Incentives for participants
Some wishing to attend the convention will have limited resources and no decent local transportation. Make every effort to alleviate as many expenses as possible. Conventions should never be fund-raising efforts although activities such as an auction or a raffle to benefit the organization are acceptable. Continental breakfasts, free coffee and inexpensive lunches or banquets, a hospitality room stocked with food donated by members and friends, delightful offerings such as sandwiches, fruits and vegetable plates, a variety of appetizers and snacks are fun, promote wonderful opportunities for socializing and lessen the financial obligation of attending the convention. Before setting the wheels in motion to provide a well stocked hospitality room, be sure to check with the hotel regarding whether or not it is permissible to bring food in. Some hotels have a clear policy that is stated in the contract that requires that all food and drink be purchased from the hotel.
Providing a stipend to cover a portion of the cost of the hotel room or transportation is also an incentive that allows many to attend the convention. Renting a van or bus to pick up people in particular regions or areas does much to alleviate the problems of transportation cost and access. offering to pay drivers who bring a group of people is another very excellent solution to the problems of transportation cost and access. Encouraging chapters of the organization to offer incentives to their membership promotes good will and guarantees the realization of the goal of their being well represented at the event.

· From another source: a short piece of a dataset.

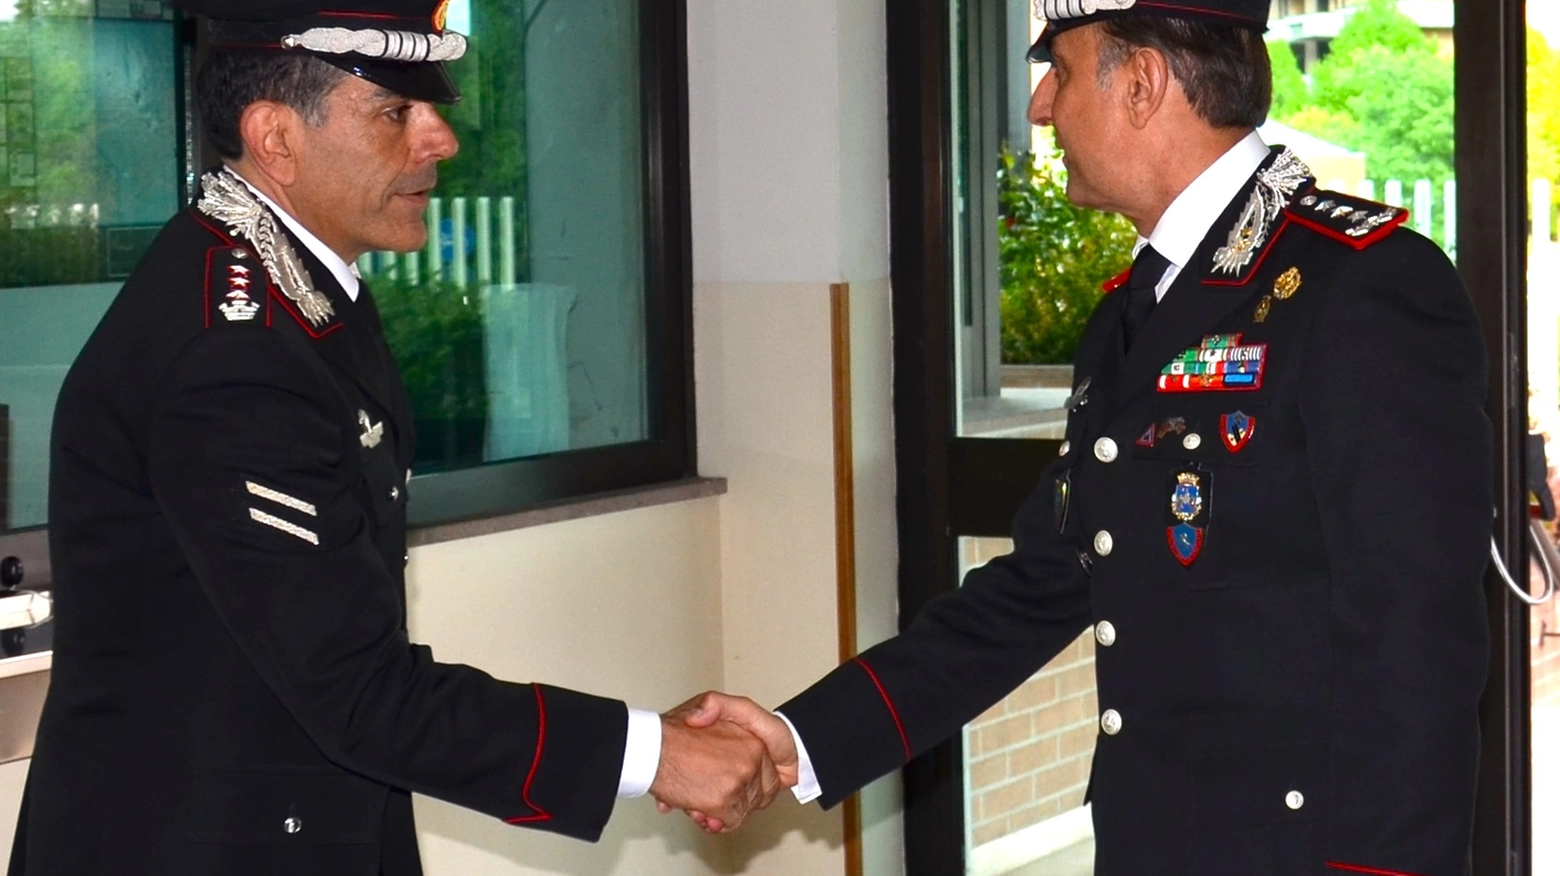 Carabinieri, in visita alla caserma intitolata alla M.O.V.M. Appuntato dei Carabinieri “Carmine Della Sala”, sede del Comando Provinciale dei Carabinieri di Arezzo

1. Exhibits are a definite drawing card for some convention attendees. In order to assure the greatest interest in this offering, plan a variety of exhibits such as technology, crafts, jewelry, books and other accessible materials, health products, special foods, hand made and unique items appropriate for giving or collecting and services of particular interest to the targeted audience.

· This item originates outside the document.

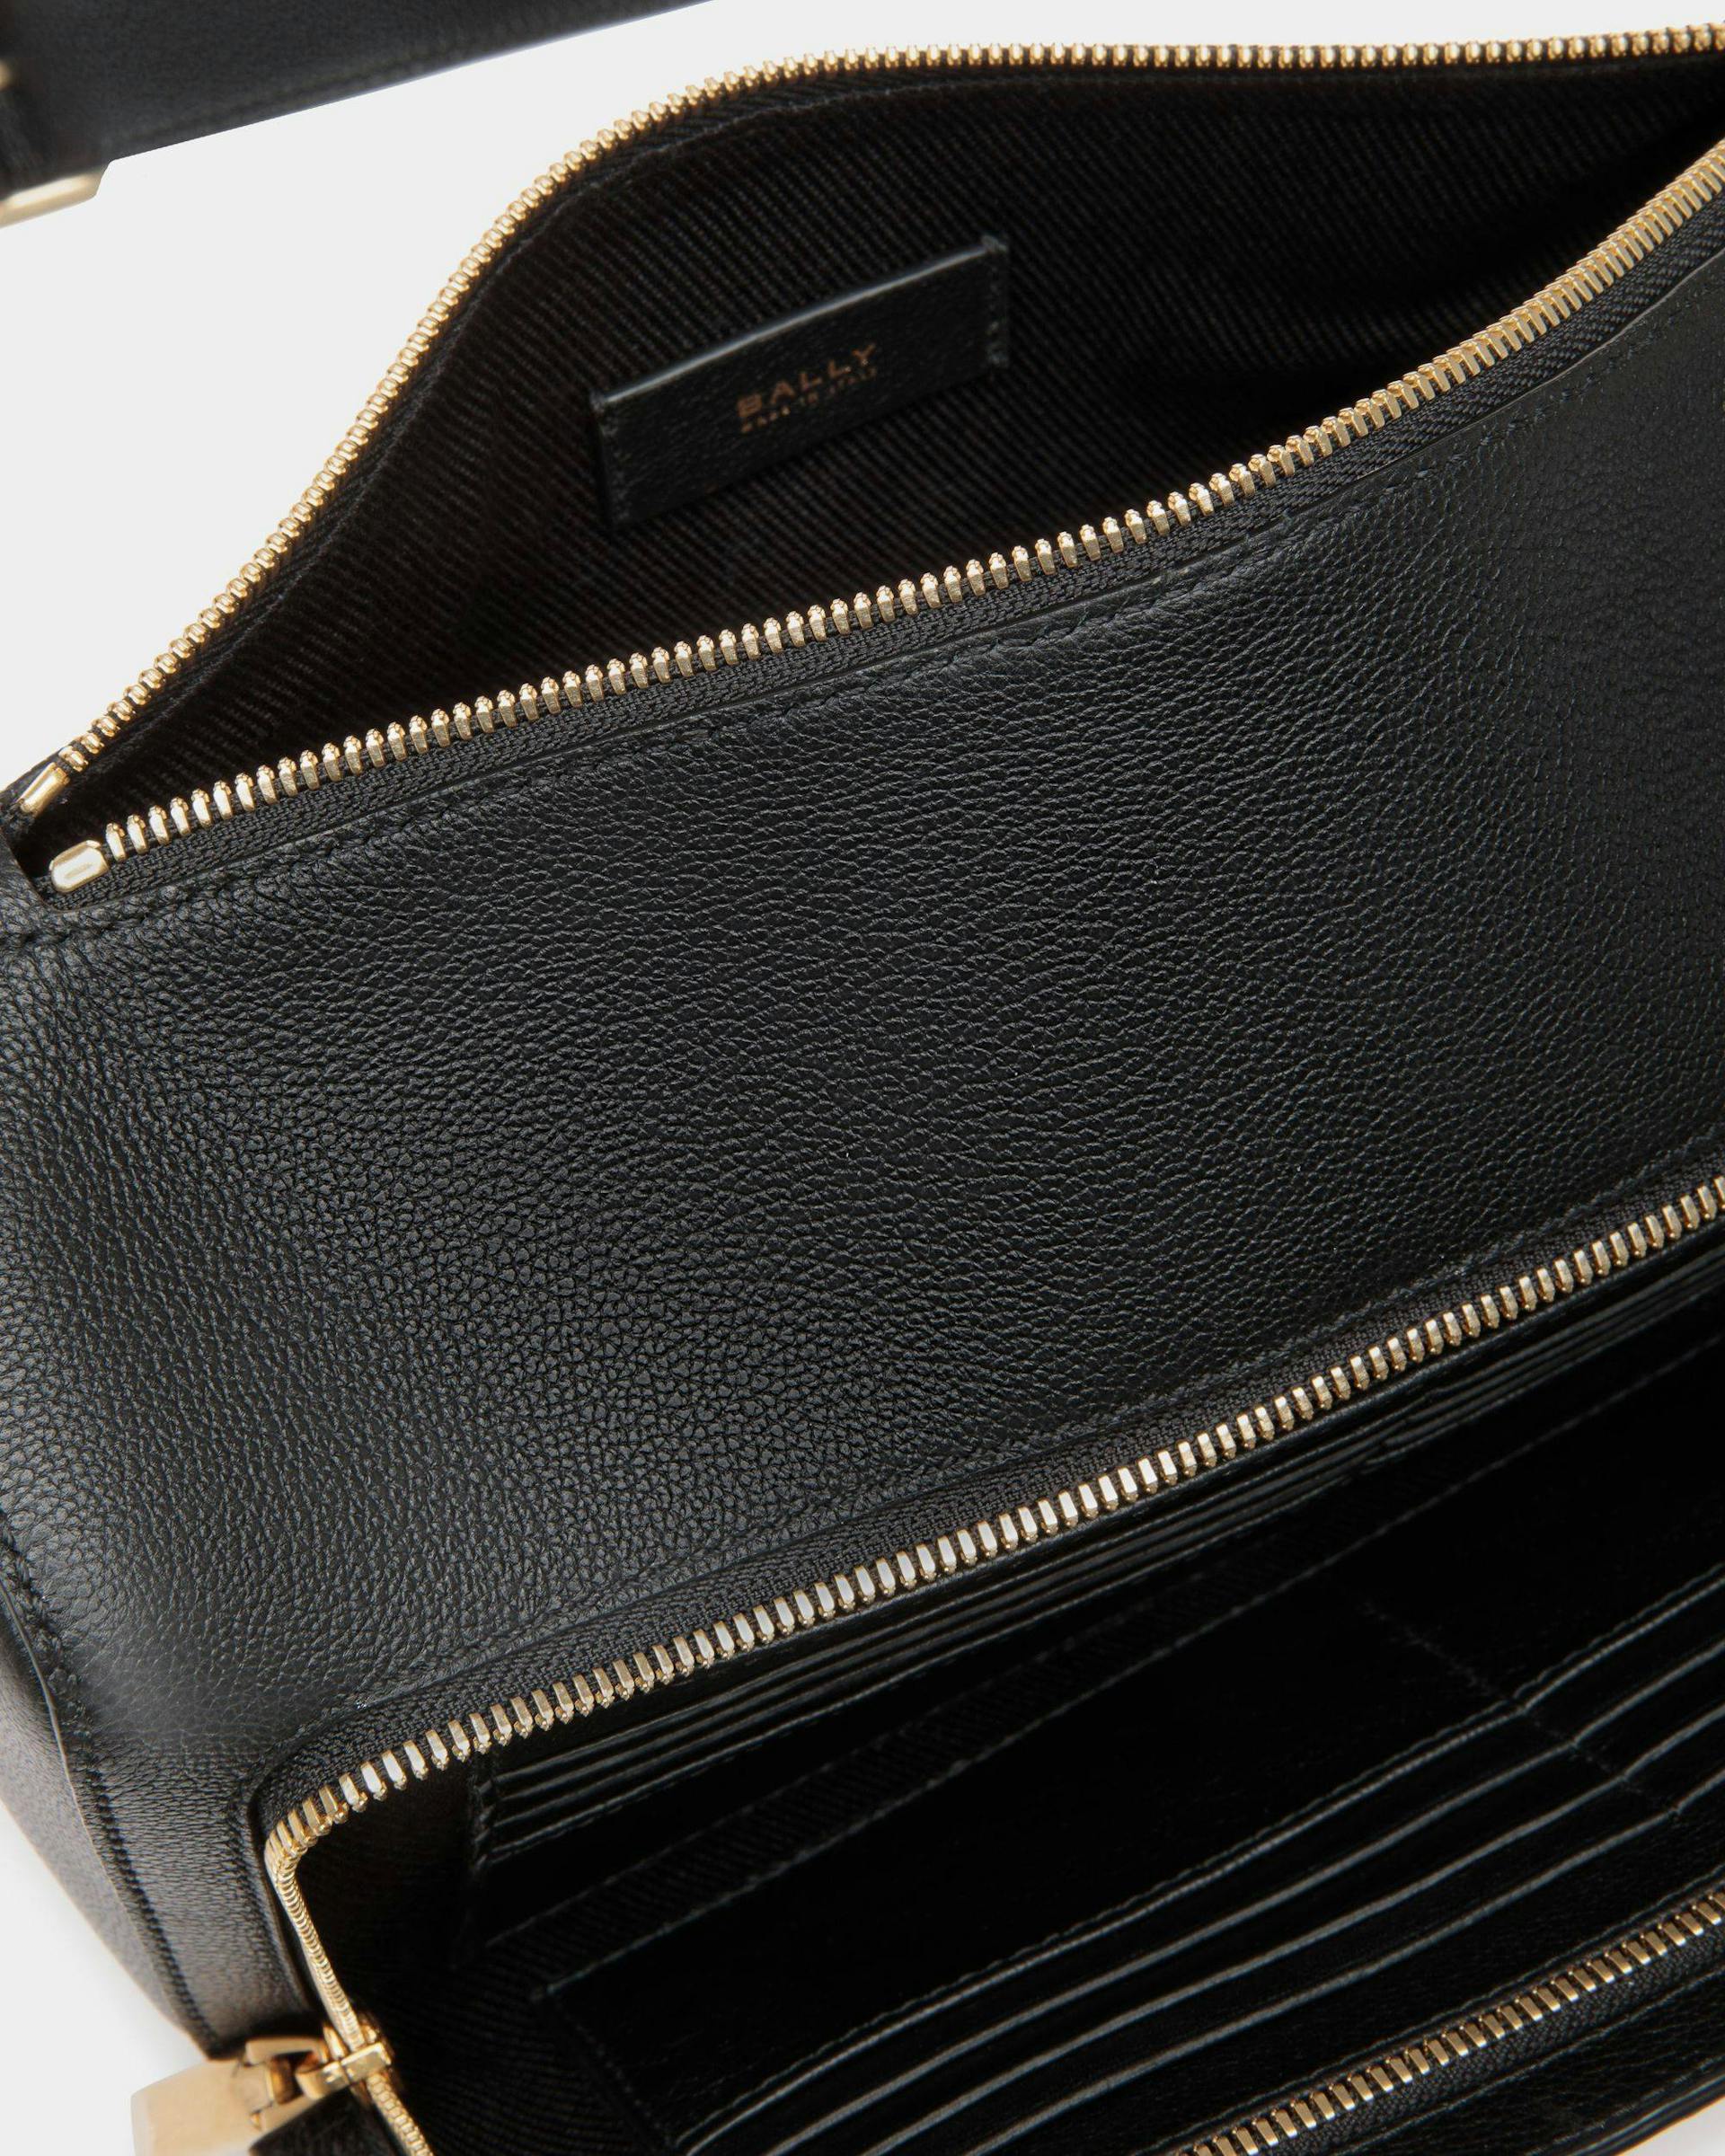 Men's Arkle Belt Bag in Black Grained Leather | Bally | Still Life Open / Inside

2. The first moments at the convention when attendees may feel unsure and confused are often the most difficult. Provide a group of trained, outgoing greeters to be at the ready to welcome attendees as they arrive, assist with orientation to the hotel, perform introductions to make everyone feel included and provide general assistance throughout the convention in order to make the experience a positive one to be repeated time and time again.
3. Make every effort to accommodate the child-care needs of the members.
4. Be sure to include a time in the program for A wrap-up session in which the audience has the opportunity to ask questions and make comments and suggestions. Use what is learned from this session in preparing the next convention program and to add new workers to the team.
What is it that makes a convention great? It is the miracle of men and women with one common goal, the goal of planning and carrying out and participating in a successful convention. It is individuals who have agreed to write a letter or make a phone call or give a speech or participate in a panel or lead a sing-along or bring a glass of cold water to someone who needs it or give an arm to someone who is a bit disoriented or extend a hand in friendship to someone who knows no one. Most of all, it is the coming together of a group of people who want to learn and want to teach, who want to form new friendships and enjoy old ones, who want to work together to make the world a better place in which to live, work and play--in other words, to live out their own custom made version of the American dream!